«« SCRUTIN - PROPORTIONNELLE

Tinkering with how we vote

DON MACPHERSON
Montreal Gazette Tuesday, August 20, 2002

Parti Québécois governments have never been shy about using electoral reform for their own partisan purposes. The PQ's first and best-known reform, the political finances law, set the example.

The law allows only Quebec voters, not businesses, unions or lobby groups, to make contributions and requires parties and candidates to disclose the names of their donors. It largely cleaned up provincial politics at a stroke by eliminating secret political slush funds (with the notable exception of those for party leadership campaigns).

For the PQ, it also had the advantage of forcing the other parties to play by rules the PQ had already imposed upon itself and cutting them off from their traditional funding sources. And it didn't give them much time to adapt since it was adopted only a couple of years before the first sovereignty referendum in 1980.

More recently, the current PQ administration responded to illegal voting by federalists in the 1995 referendum by tightening up voter-identification requirements. But it ignored a proposal by the chief electoral officer at the time to take control of the polls on voting day out of the hands of government supporters, after sovereignist scrutineers illegally rejected valid federalist votes.

They Don't Hide It

The PQ no longer bothers trying to conceal its partisan intentions. On the weekend, the minister for reform of democratic institutions, Jean-Pierre Charbonneau, told members of the party's youth wing that he favours the introduction of proportional representation at least partly because it would help the PQ.

(Proportional representation, or PR, is a system of voting in which seats are distributed according to the parties' respective shares of the popular vote.)

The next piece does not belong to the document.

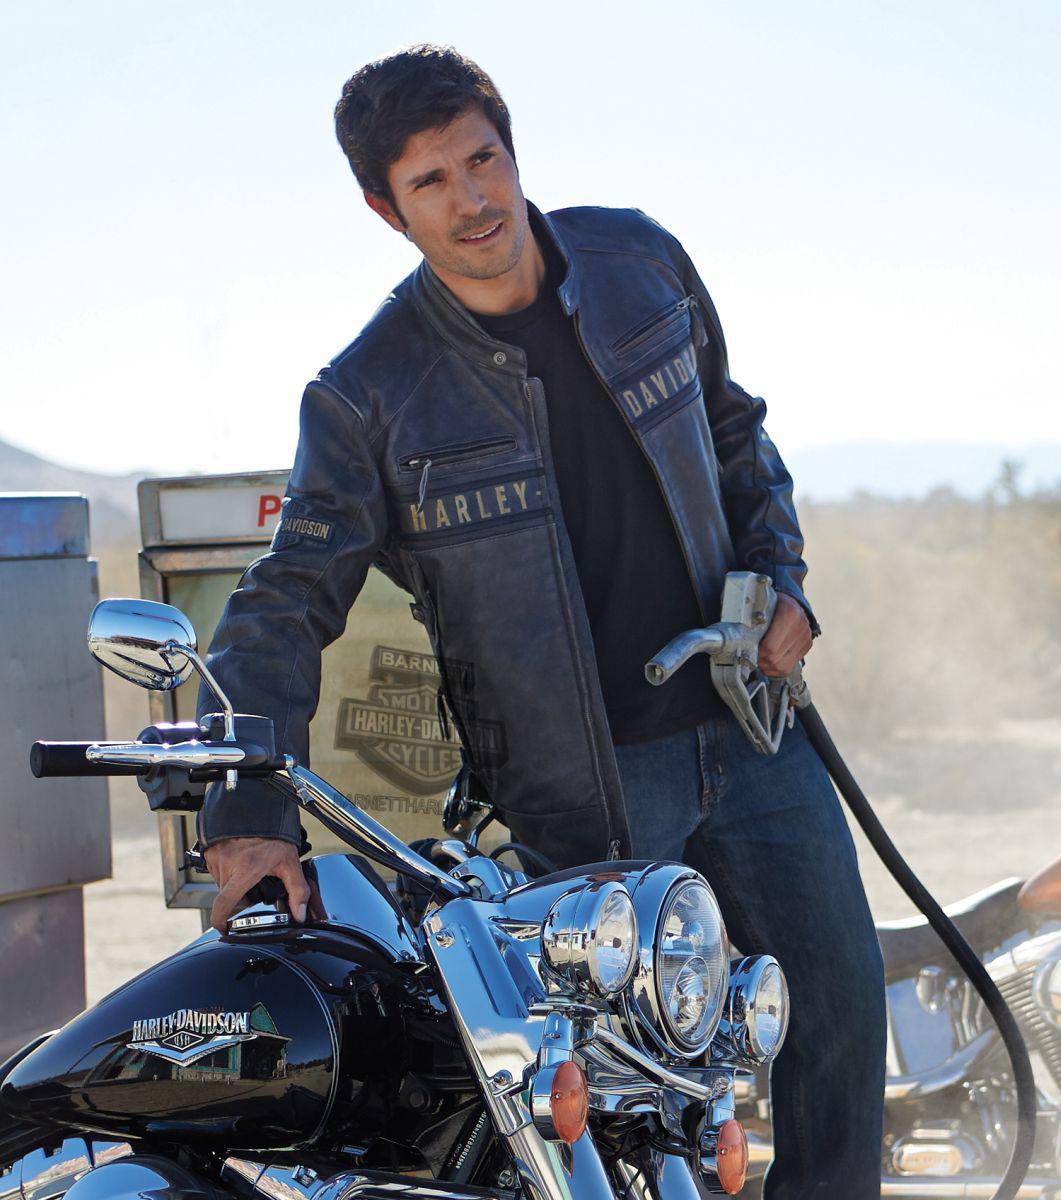 Used Harley Davidson Mens Leather Jackets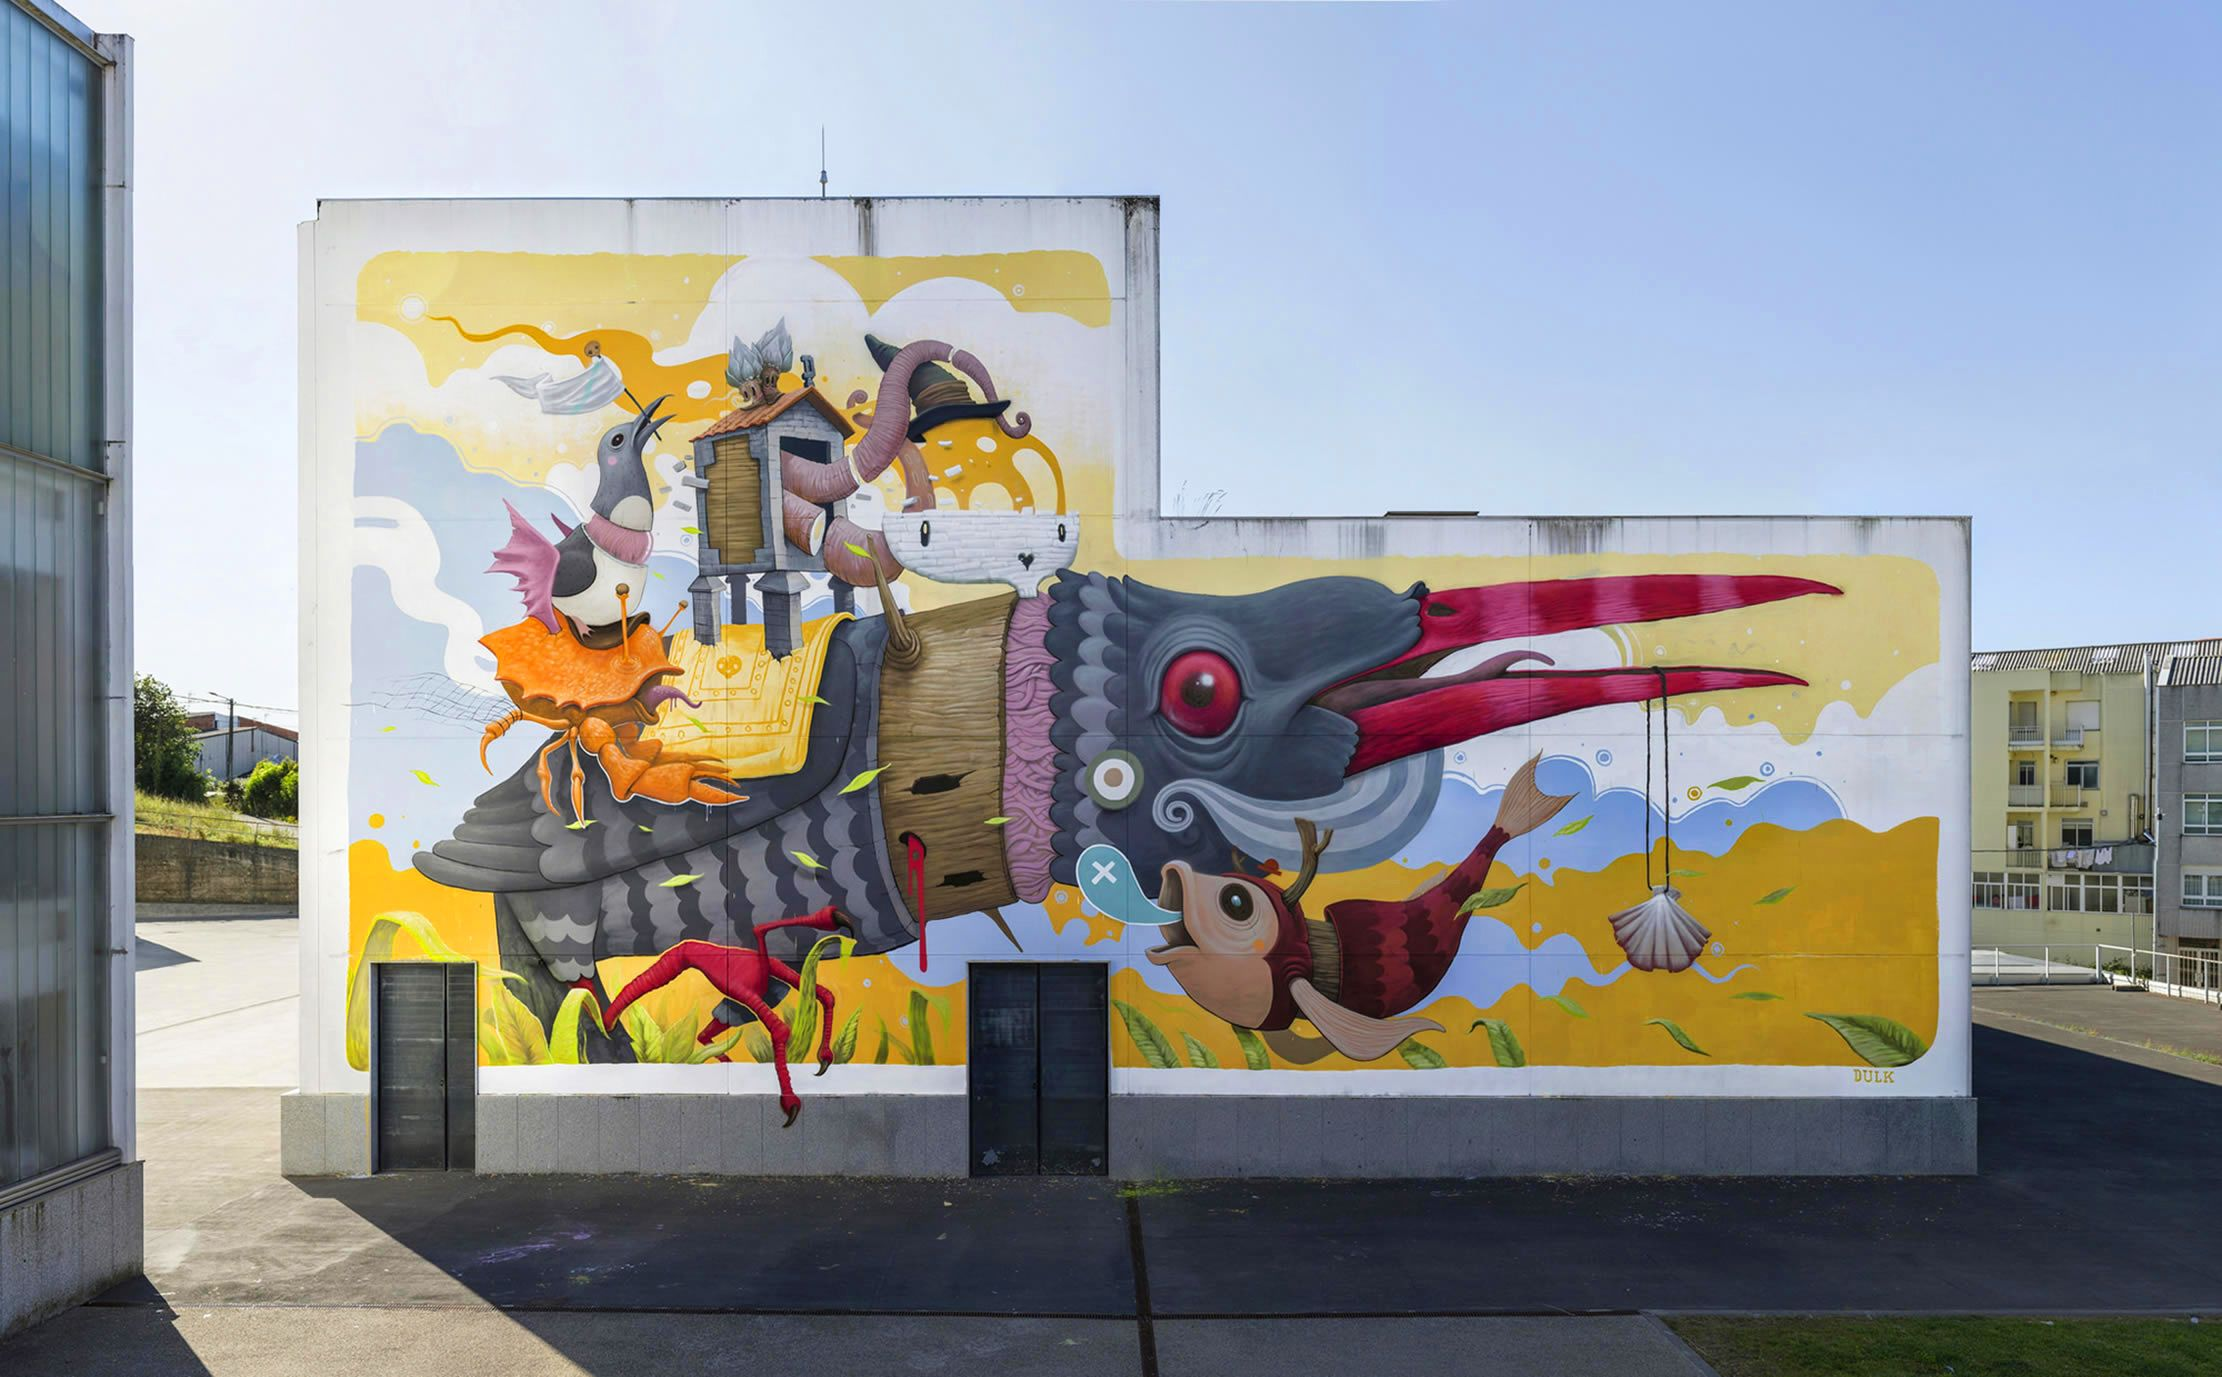 mural rexenera fest auditorio carballo graffiti street art arte urbano rural pueblo galicia

Even though the present plurality or "first past the post" system favours the PQ, Charbonneau explained that showing voters the PQ is willing to change the electoral system would make up for its inability to achieve sovereignty.

But the voters will take some convincing that the system needs the radical overhaul proposed by Charbonneau, who wants nothing less than to replace Quebec's present British parliamentary system with an American presidential one.

Poll results published yesterday suggest that of all Canadians, Quebecers least favour introduction of PR and most support keeping the present system.

Those questioned in the survey, conducted by Environics/Focus Canada for the Montreal-based Association for Canadian Studies, were asked to choose the best electoral system for Canada. Only 30 per cent of Quebecers chose PR while 48 per cent preferred the present system. Support for PR was highest in the west, with 39 per cent of Albertans and 43 per cent of British Columbians preferring it.

Charbonneau challenged the results, referring to findings of another survey, this one conducted in Quebec only in May, suggesting that 73 per cent of voters were in favour of introducing at least an element of PR. Also, he might have pointed out that the question in the later survey referred to Canada, not Quebec, and that the poll was conducted in late June and early July, when interest in politics is low. But observers offered the explanation that the wide difference between the results of the two surveys merely shows that Quebecers don't hold firm opinions on the question because they haven't thought about it. Indeed, the consistently high turnout of Quebecers in provincial elections and referendums suggests that they don't think the system is so badly broken it needs fixing.

After Election

Charbonneau said again on the weekend that any reform won't be introduced until after the next general elections, which must be held by the end of next year. But there is one badly needed change the parties can and should make before the next election. That's to address the under-representation of Quebec's linguistic and cultural minorities in the National Assembly. The minorities make up roughly one-sixth of the population, but minority members hold only about one-tenth of the 125 seats in the present Assembly.

Since the parties have already begun choosing their candidate for the election, it's not too soon for them to say what steps they'll take to reduce minority under-representation in the next Assembly.